小さいカーラ

矢萩貴子 作品

あらすじ

小人に縛り付けられてしまった好きな人に思い切って告白したカーラ。しかし思いの相手は、すでにカーラの姉とつきあっていた。小さい体のせいで何事も上手く行かないと常日頃思っていたカーラの怒りは頂点に達していた。そんな様子を見かねた母親が、叔母の家にカーラを預けることにした。

叔母の家に向かうため船に乗ったカーラだったが、船は嵐のために難破。カーラだけがかろうじて助かった。
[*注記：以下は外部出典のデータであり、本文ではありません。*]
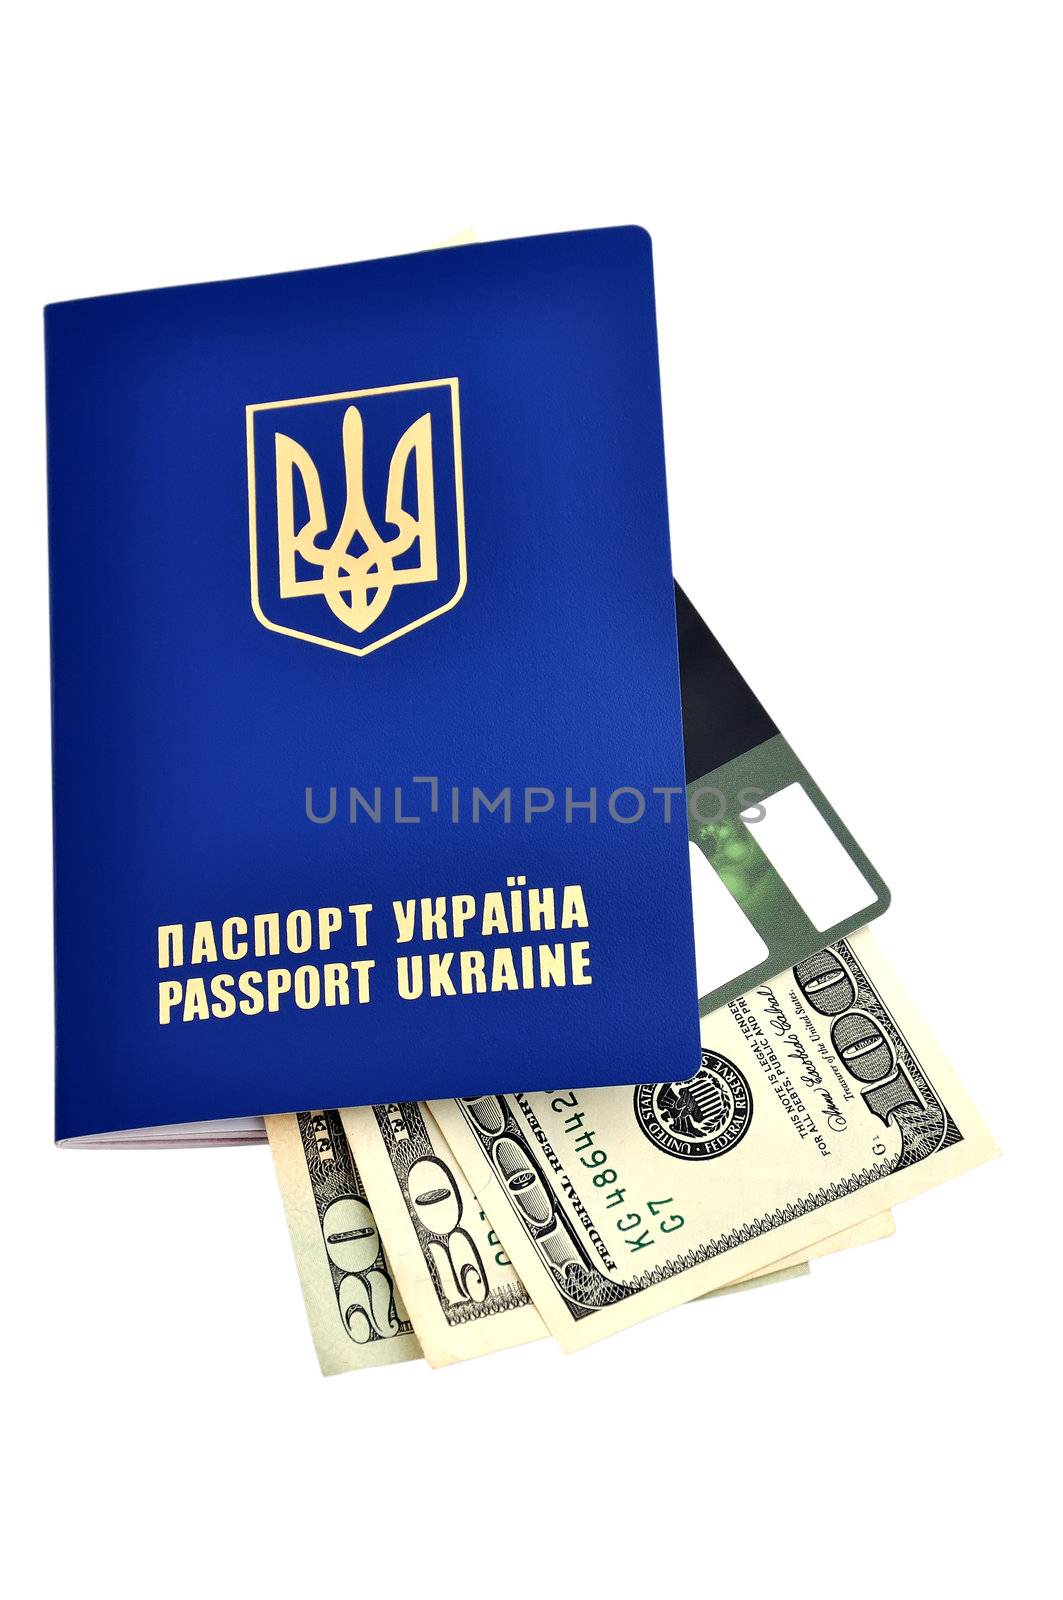 passports and dollars by vetkit

カーラが漂着した島は、なんと小人の国だった。

カーラを数えきれない綱で地面に縛り付けた小人たち。小人たちはカーラが巨大であっても女であることを知ると、動けないのを良いことに色々といたずらを始めたのだった。

一方カーラは、身動きがとれずに小人たちになすがままにされていた。しかし綱は小人たちが考えている以上に、カーラにとって無力な存在だった。

小人を踏みつぶし、やすやすと綱を断ち切ったカーラは、小人たちに反撃を始めたのだった。

小人たちにとって、あまりにも巨大なカーラ。背の低さにコンプレックスのあったカーラが 今では向かうところ敵なしの巨人なのだ。カーラの攻撃はだんだんと過激になっていく一方で、あまりにも小さくてひ弱な小人たちはカーラと戦いに挑む気力さえ失っていった。

そんな混乱の中、カーラを縛り付けることにさえ抵抗を感じていた小人の国の王子が、勇敢にもカーラに立ち向かって行ったのだった・・・

解説

原作はいわずと知れたガリバー旅行記です。グリム童話ではありませんが、王子とお姫様をストーリーに持ち込んだことで、この雑誌に収録された他のグリム童話を題材にした作品群にとけ込ませることに成功しています。

ホラーにも近い残酷な物語を売り物にしている雑誌ですので、当然ながらこの作品も残酷さは過激です。素足の少女の下に無数の血だらけの死体という構図は非常に生々しく、少女マンガらしい絵柄のために、むしろ過激さが強調されているようにも思えます。

この体格差を乗り越えて愛に陥って行く王子とお姫様ですが、この物語にはハッピーエンドは用意されていません。ここまで残酷でなければ、他のグリム童話とはなじまないからなのでしょうか、最後まで残酷なシーンが続きます。